The SME Guidelines also allow for a transition from a reorganization-type process to a liquidation-type process if warranted by the circumstances. During the course of a reorganization-type workout, if the Third- Party Support Expert or the Main Creditors conclude that continuation of the business is not feasible, and the SME Debtor itself requests that its business be wound down, the procedure can be switched to a liquidation-type workout. In such a case, the SME may, if necessary, continue to receive assistance from the same Third-Party Support Expert who was involved in the reorganization-type process. The SME Guidelines also permit the liquidation-type process to commence from an appropriate intermediate stage, rather than starting over from the very beginning, to smoothly facilitate the transition toward an orderly liquidation.

V. Concluding Remarks

In conclusion, the SME Guidelines offer a practical and accessible framework for SMEs seeking to either rehabilitate or responsibly exit their businesses without resorting to court-supervised insolvency proceedings. Their emphasis on consensus-based creditor coordination, neutrality through the use of Third-Party Support Experts, and the integration with the Guidelines on Management Guarantee help promote fair and efficient outcomes for all the stakeholders involved.

As post-pandemic challenges continue to affect SMEs' financial health, early engagement with legal and financial professionals under this framework can significantly enhance the chances of a constructive turnaround or an orderly wind-down. Companies facing financial difficulty are therefore encouraged to explore these procedures as a strategic option aligned with their long-term goals and responsibilities to their creditors, employees, and communities.

Footnotes

1. See Yuta Shozaki, Overview of Revitalization Support for SMEs in Japan, Oh-Ebashi Newsletter (Autumn 2023) at https://www.ohebashi.com/jp/newsletter/NL_en_2023autumn_Shozaki.pdf.

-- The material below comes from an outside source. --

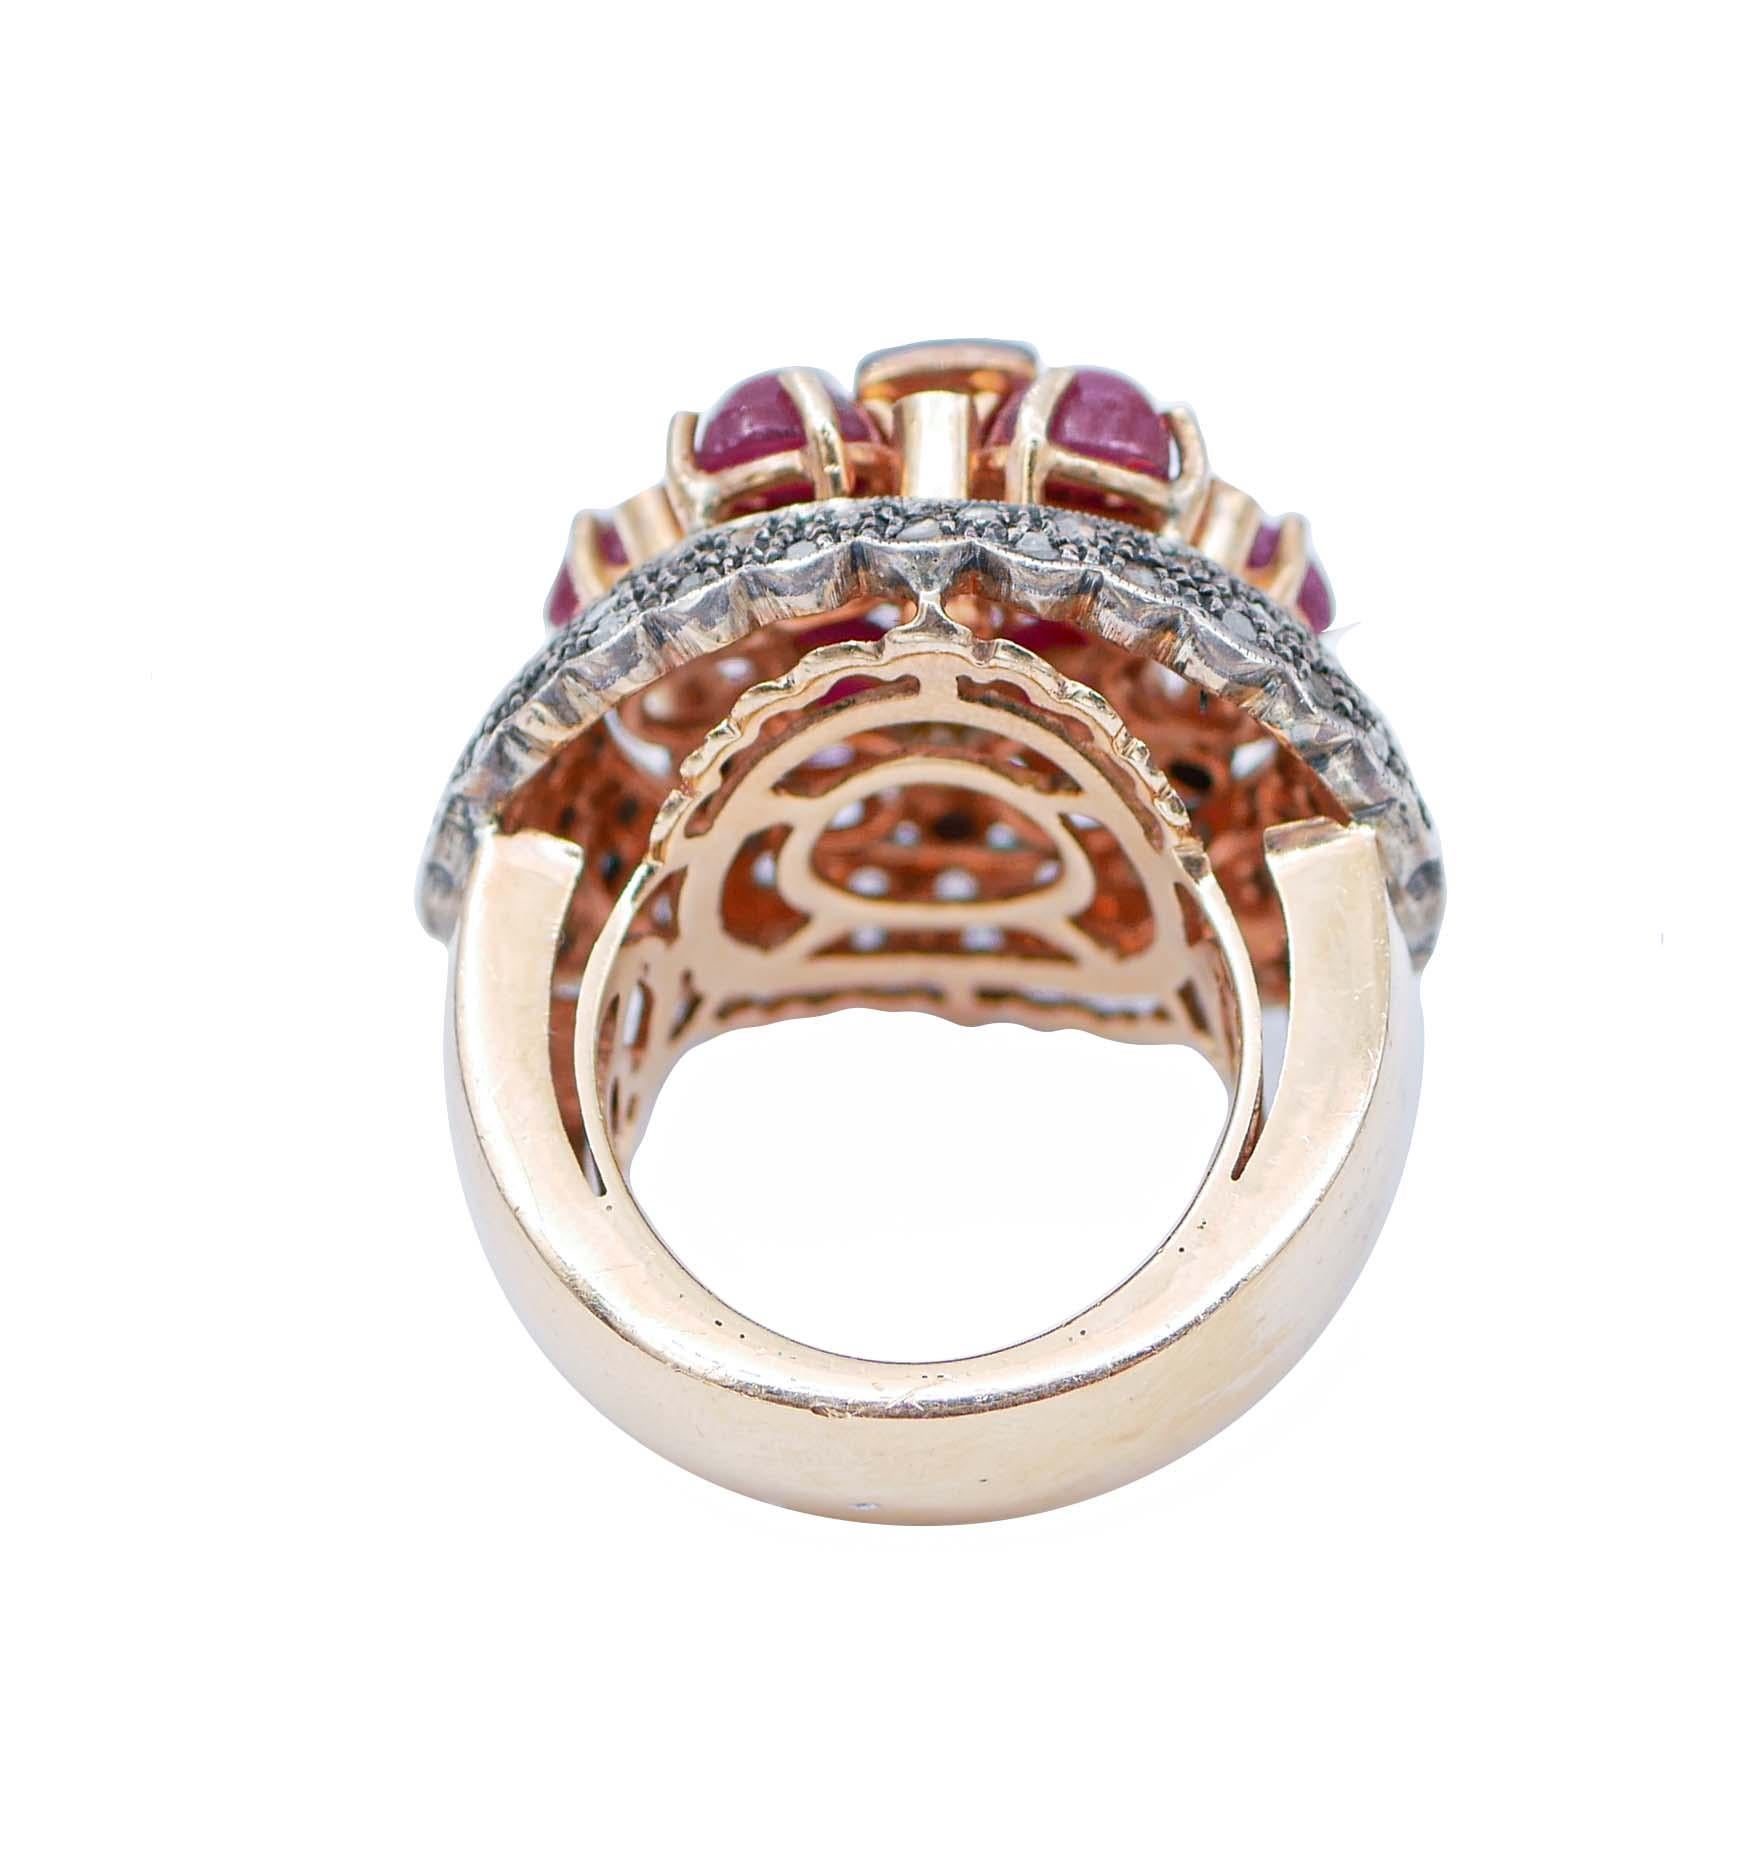 Retro Rubies, Sapphires, Diamonds, 14 Karat Rose Gold and Silver Ring. For Sale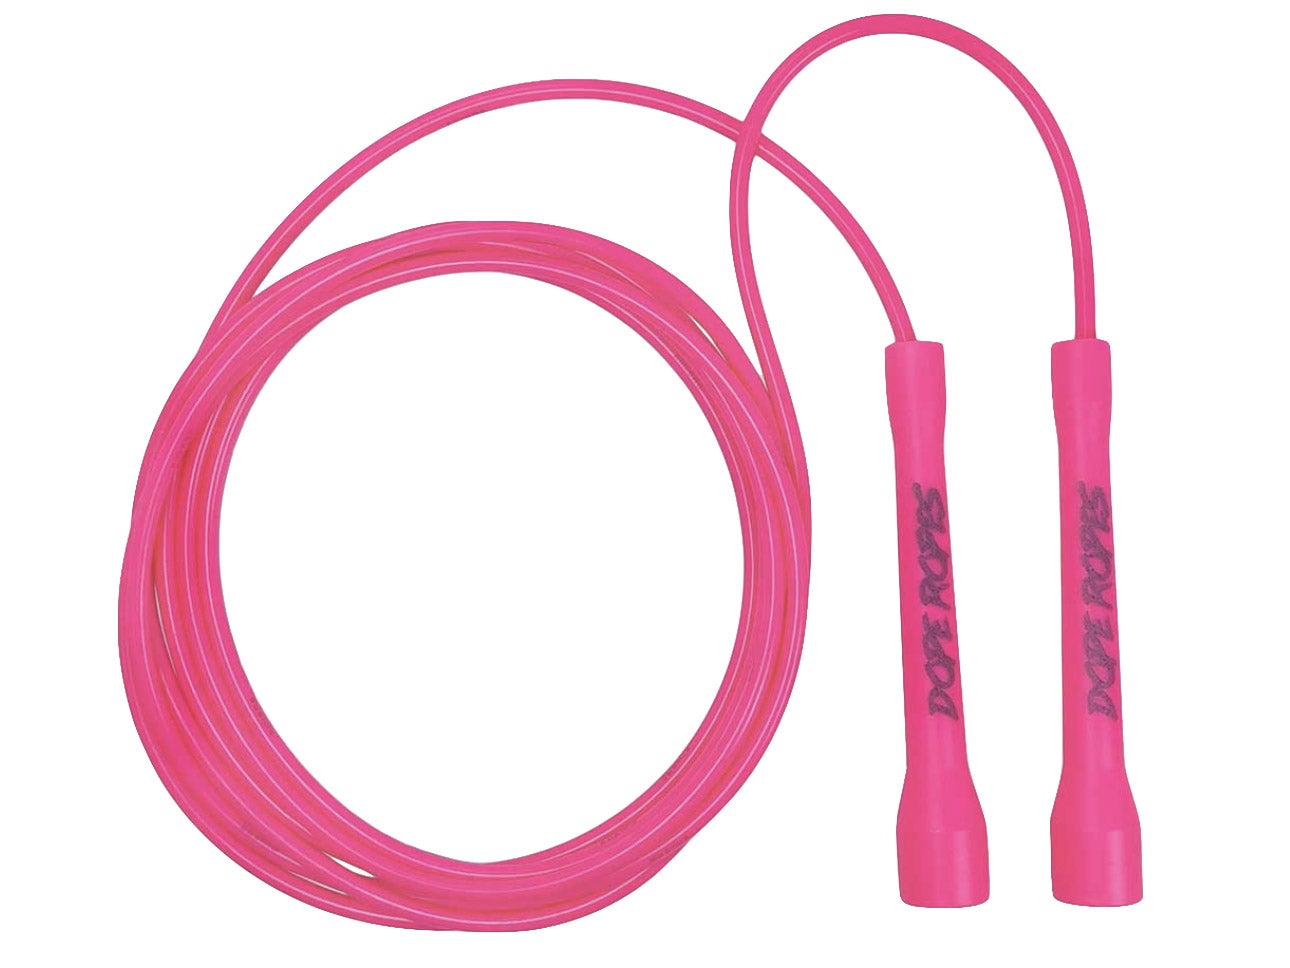 Women Brussels08 Skipping Jump Rope Fitness Aerobic Exercise Indoor Outdoor Fitness Training Home Workouts Pro Sports Skipping Rope for Teens Adults Men

2. See https://www.zenginkyo.or.jp/fileadmin/res/news/news340304.pdf (in Japanese).

3. The Guidelines on Management Guarantee are available at https://www.zenginkyo.or.jp/fileadmin/res/abstract/adr/sme/guideline.pdf (in Japanese).

4. See the SME Guidelines, Part III, Section IV, Subsection (1).

The content of this article is intended to provide a general guide to the subject matter. Specialist advice should be sought about your specific circumstances.